В основе индуистского сознания лежит принципиально иное, чем в христианстве, понимание Бога. Индуизм не знает персо­нифицированного Бога-Творца. Источником всего сущего яв­ляется вечная абсолютная реальность — Абсолют, Брахман, а вся эмпирическая, феноменальная действительность представляет собой его эманацию. Из этого следует, что, во-первых, действи­тельность иллюзорна, неподлинна, так как подлинным бытием считается только Брахман, а во-вторых, что мир подчинен им­манентным законам, обусловленным его причастностью к Брах­ману. Законы, по которым существует мир, неизменны и вечны, индийской культуре чужда идея о произвольном нарушении мировой гармонии. Даже многочисленные индийские боги, как и весь материальный мир, подчиняются этим законам и не про­тивостоят миру людей и природы, а являются лишь его верши­ной.

Жизнь индуиста, в отличие от христианина, не является уникальной.

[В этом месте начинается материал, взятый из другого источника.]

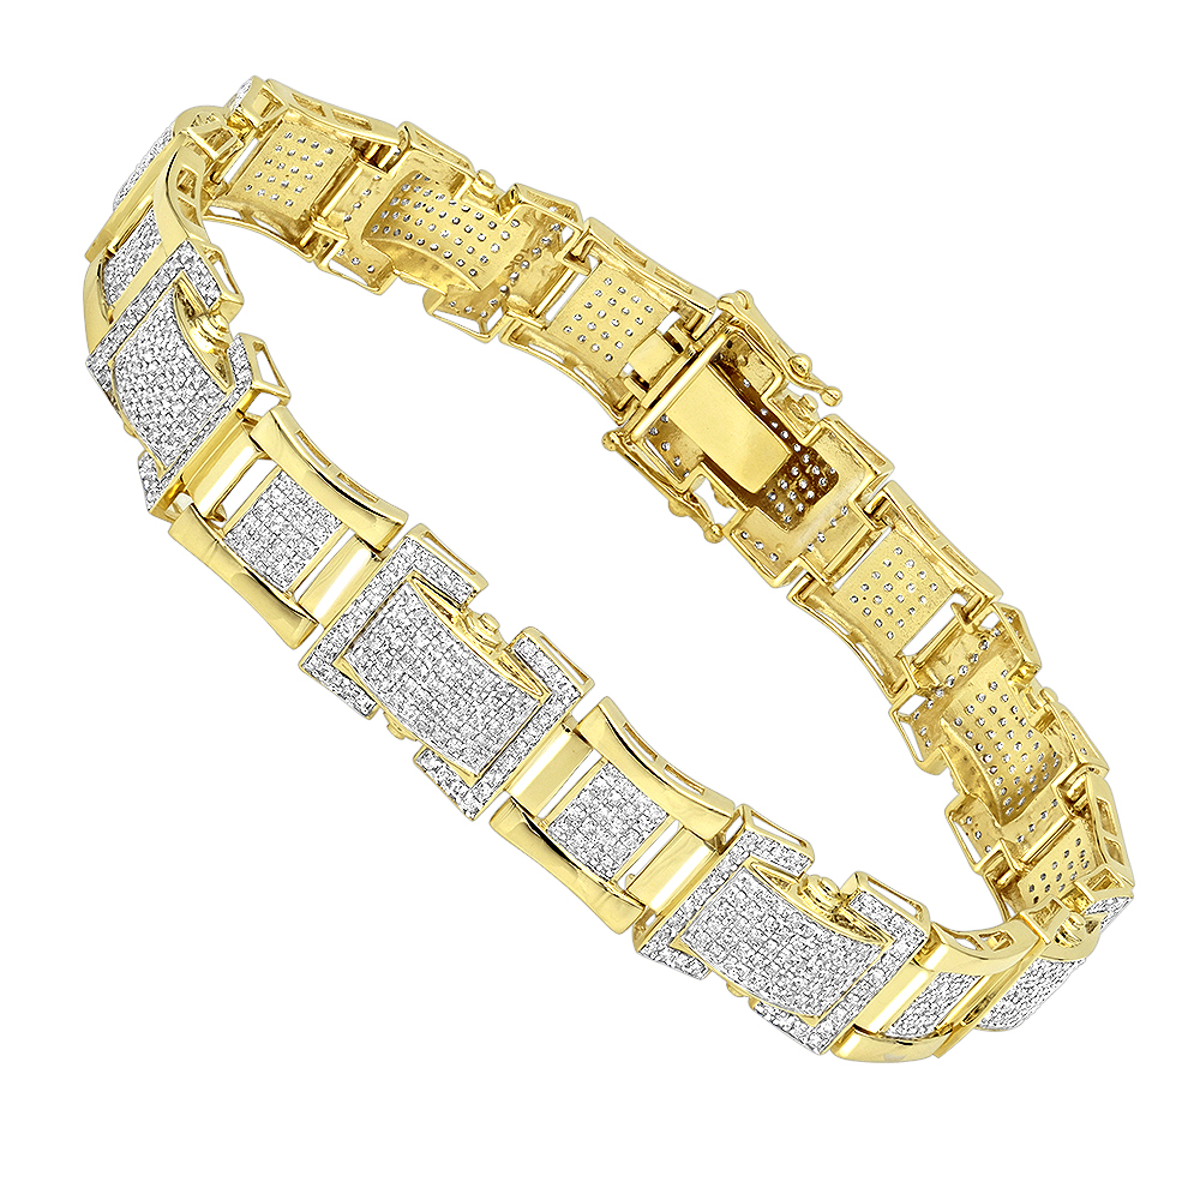 Solid 10K Gold Diamond Bracelet for Men 3.1ct by Luxurman

В соответствии с законом кармы происходит цепь рож­дений, смертей и возрождений в новом облике, соответствую­щем сумме накопленных заслуг.

Индуистская методика спасения, подобно христианской, ос­новывается на неприятии мира. Однако причины неприятия здесь принципиально иные, чем в христианстве: индуисты от­вергают мир повседневности не за его несовершенство и гре­ховность, не по этическим причинам (что предполагает, как мы видели, возможность деятельности по исправлению мира), а за то, что этот мир является иллюзорным, то есть это неприятие носит онтологический характер. Соответственно, поскольку иллюзорный мир исправлять бессмысленно и действовать в нем - тоже, то индуистская методика спасения, названная М.Вебером потусторонним мистицизмом, состоит в отказе от мира и любой практической деятельности в нем. Конечная цель спаса­ющегося состоит в том, чтобы путем мистического озарения постичь Абсолют и слиться с ним, прервав тем самым колесо рождений - сансару - и иллюзорное существование. В отличие от аскетизма, сущность мистического спасения составляет не рациональная деятельность, а рациональное знание.

Средством достижения мистического знания является созер­цание, непременное условие которого - устранение всех пре­пятствий, создаваемых природой и социальной средой. Ищущий спасения верующий стремится свести к минимуму свое участие в мирской деятельности, сосредоточившись на специальных методиках созерцания (медитации) и на постижении религи­озной философии. Это способствует развитию последователь­ной и глубокой рационализации в рамках индуизма, однако она охватывает лишь ментальные процессы и сферы высокой духов­ности и философии, в отличие от рационализации протестан­тизмом всего образа жизни в целом, включая хозяйственную жизнь.

М.Вебер указывает на неизбежный «сотериологический ари­стократизм» мистицизма, т.е. на неравенство шансов на обрете­ние спасения у представителей разных социальных и имуще­ственных групп. Это объясняется тем, что, во-первых, для того чтобы быть сосудом Бога и обладать абсолютным знанием, не­обходимо иметь определенные прирожденные харизматические свойства (такое обладание в индуизме закреплено социаль­но и приписано варне брахманов), а во-вторых, последователь­ное стремление избежать любых мирских дел и страстей ведет к резкому противопоставлению религиозных виртуозов массам людей, вынужденных вопреки высшей ценности мистического спасения заниматься необходимой для выживания общества хозяйственной деятельностью.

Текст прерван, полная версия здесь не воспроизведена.